By this time I was getting increasingly sunburnt and not a little sweaty. So I turned round, and walked all the way back up the first street, asking various locals along the way, none of whom had heard of my hostel. Eventually, I found myself accidentally barging into a private house, where luckily the rather understanding owner finally pointed me in the right direction: yes, it was of course the abandoned looking building I’d first stopped at. A few bangs on the door later, and the owner appeared, letting me into what turned out to be a stunning colonialm house with a massive garden, full of beautifully coloured Bougainvillea, not that I was in the mood to appreciate them by this stage.

Massive Bougainvillea in my hostel garden

Massive Bougainvillea in my hostel garden

Finally relieved to be able to ditch my bag, I headed out into town, tired and not particularly able to appreciate my surroundings. Being apparently the only gringo in town, I then found myself being hassled by waiters from every cafe I passed. Eventually I cracked, sat down and ordered a beer, too late to realise my mistake: I was sat in a cafe with a cheesy organist singing away. I was beginning to hate Queretaro.

As I was about half way through my drink, a large party of Mexican tourists turned up, and the matriarch wasted no time in jumping up and insisting the organist accompany her while she sang. And boy did she sing: in equal measures hugely passionate and wildly out of tune, she soon had the whole restaurant mesmerised, and I couldn’t help but love it. I’d reached a turning point.

Out of fashion and out of tune

Out of fashion and out of tune

In a slightly better mood, I returned to the hotel to shower and change, and headed back out for the evening, to find the town transformed: whereas the streets had been empty earlier, by now it was thronged with families, students and couples.

As I wandered round, grabbing tacos from the various stands that had appeared from nowhere, I first of all began to realise how attractive the city is – it’s all beautifully preserved colonial buildings in glowing yellows and reds, and lovely, tree-lined squares – and it soon became apparent that there was something going on almost everywhere. In the first square I came across a band playing, while lots of sprightly older couples jived away in front of an audience of youngsters. At the next square, were a troop of clowns humiliating various visitors (I swiftly moved on before they spotted me). The third square was best of all – it turns out a festival of student dancers was happening, and on a stage in the middle of the square was a group performing some traditional Mexican dances from different regions.

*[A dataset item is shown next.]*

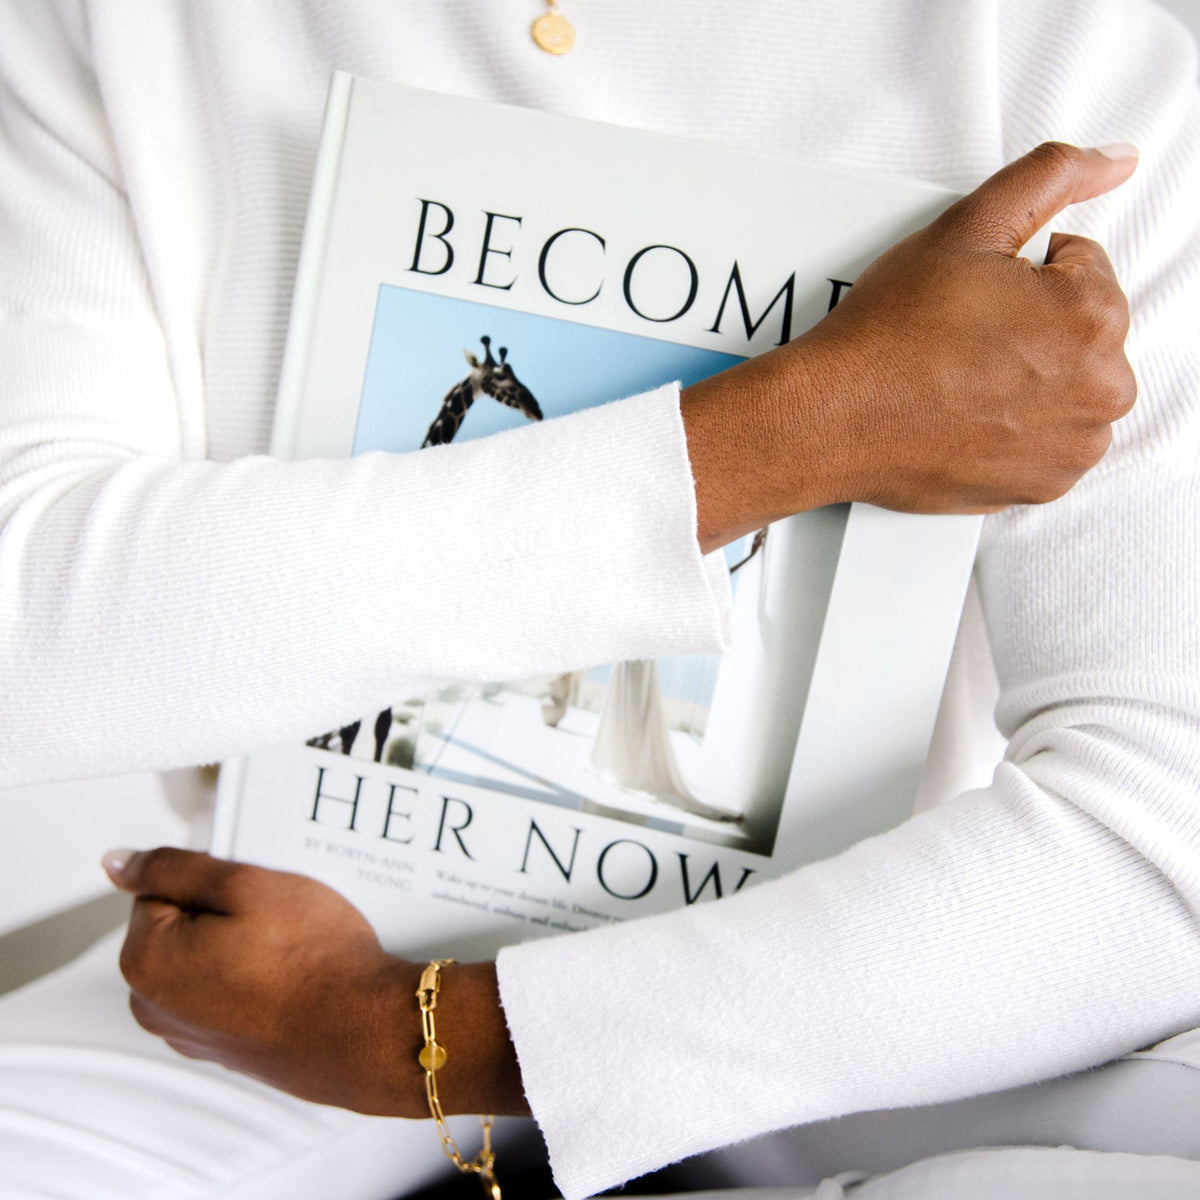 BECOME HER NOW | Bundled Course + Companion Playbook Shipped! *Softcover*

Best of all was the final dance: the men were dressed in tight brown cowboy-style suits and ridiculously over-large, wide-brimmed hats. The ladies were dressed like little Bo Peep, with ribbons in their hair and big flowing lacy dresses. The dance seemed to consist of the men performing a sort of Mexican riverdance, but with lots of foot stomping and more latin passion and a lot of random shouting,, while the women twirled around them. Ever so often they’d pause to tilt their heads to one side (as this was the only way they were able to kiss, thanks to the hats). It all seemed far too energetic for the (still warm) evening, but it was great fun to watch.

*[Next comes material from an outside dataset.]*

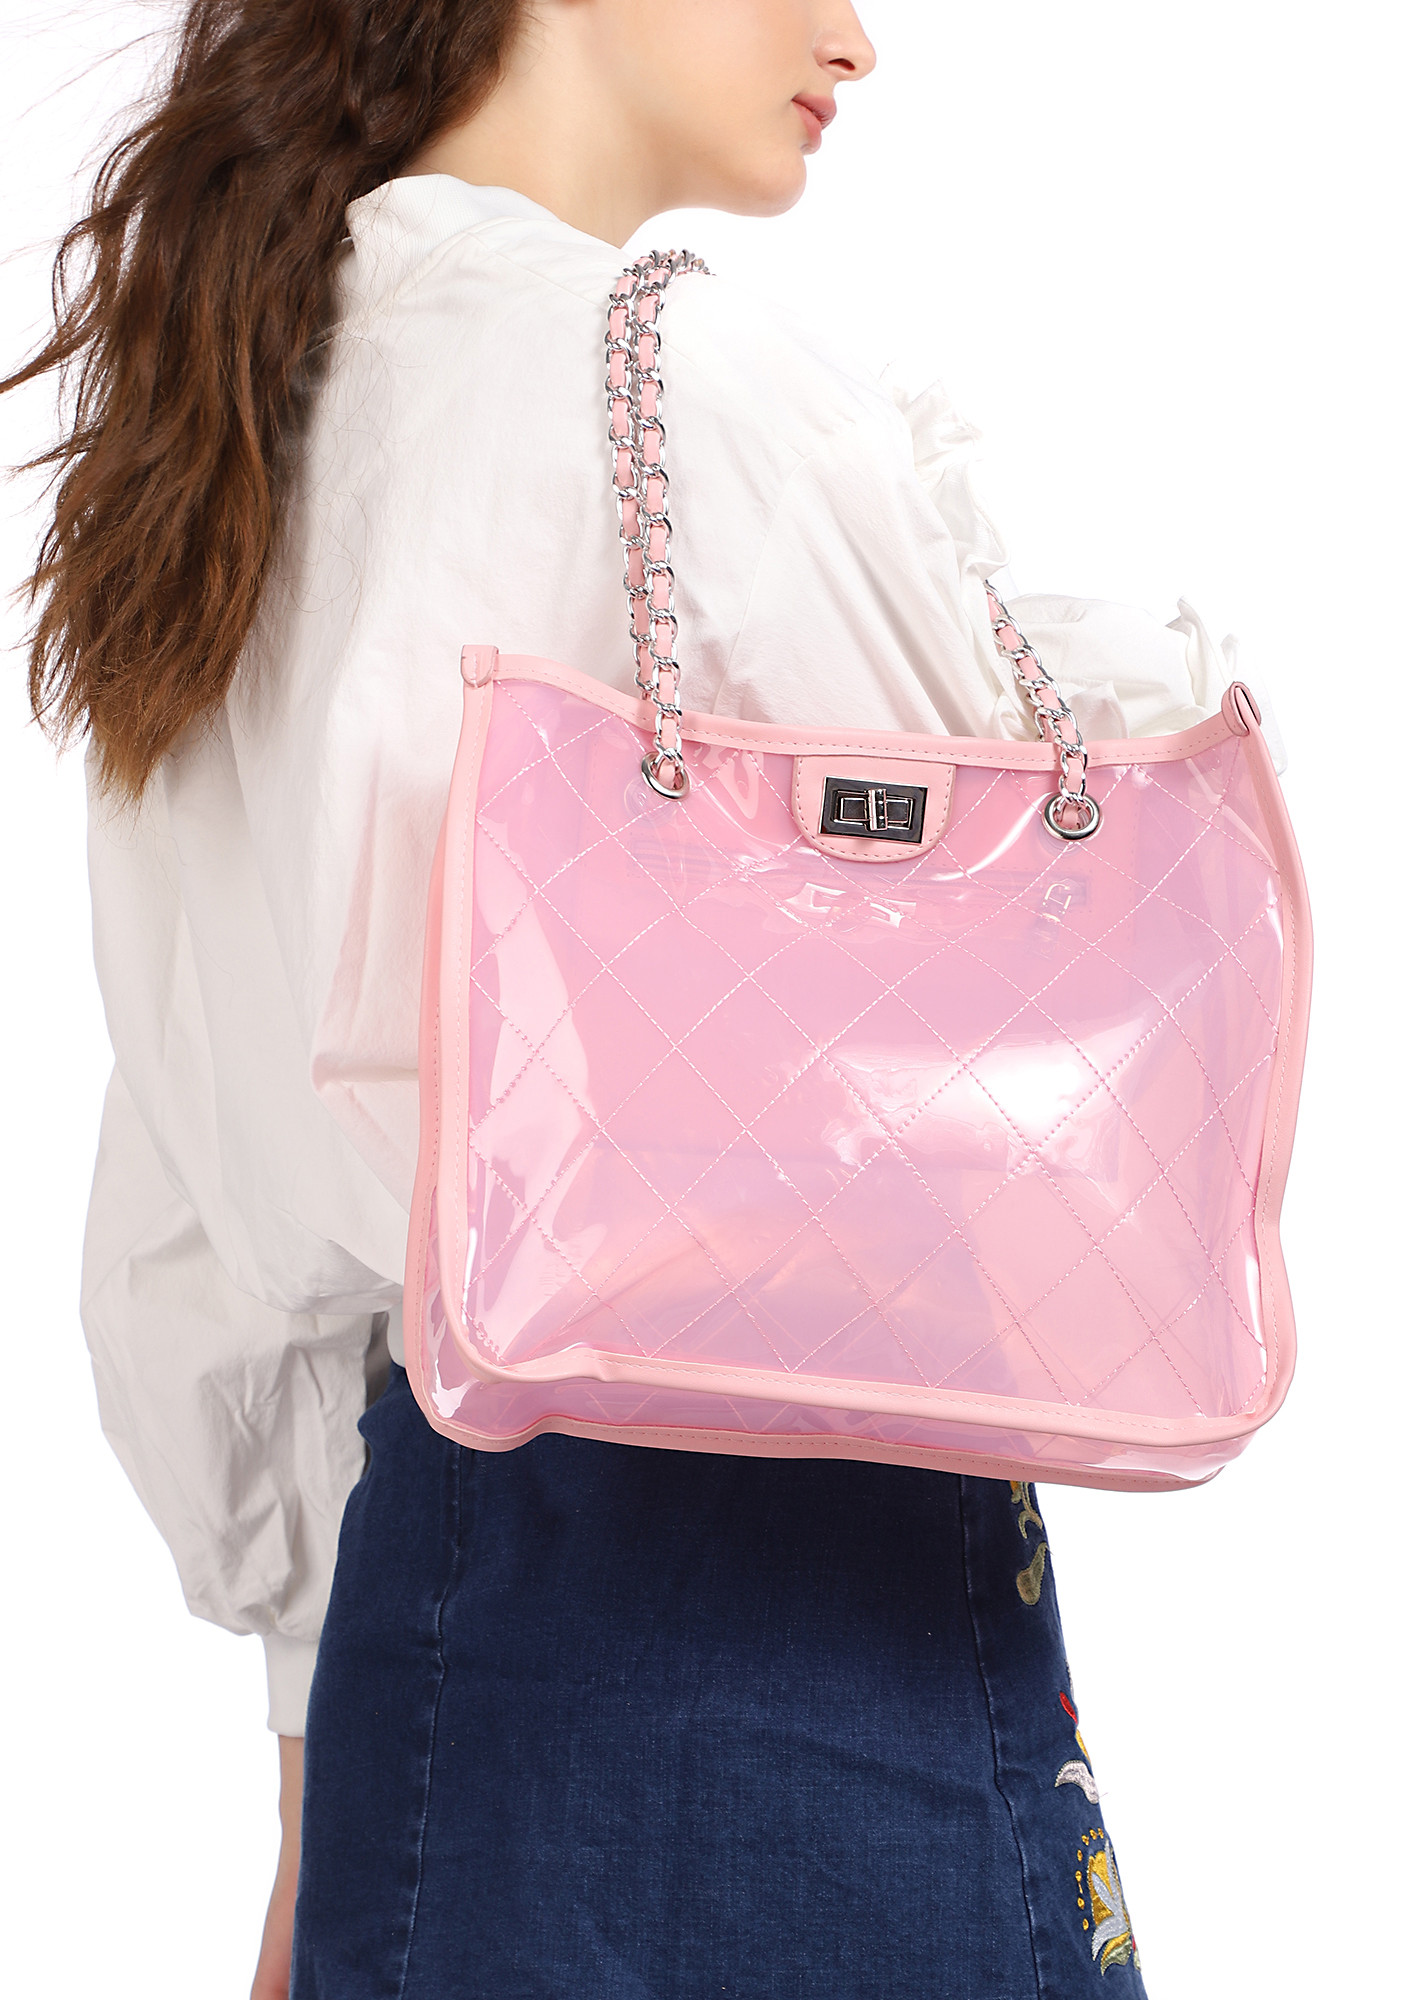 CLEAR YOUR DOUBTS PINK TOTE BAG

On every corner it seemed there was someone singing or dancing or doing some form of comedy routine, while the streets just got busier and busier. It seems I can’t hate this country even when I try.


5 responses to “Where three streets have one name

  1. I’ve been to towns like this in Mexico where I was the only gringa and I’m a blonde, so there was no hiding me. However, they were all great experiences. And mexico is one of my favorite countries by far!
    The Travel Expert(a) and an Expat with a Twist

  2. Good title for the post :-)

  3. wow! even in Mexico they have ladies like MJL! Vile! ha ha ha ha

    did princess stroppy come out for a second? admit it, SHE did ha ha ha ha ha ha

    good for you for sticking with it though H


  4. jes us chr ist (does putting gaps in avoid religio stalkers?) – thats a hostel garden?? in an actual hostel?? looks amazing. like the a 4 seasons or something. jealous jealous jealous.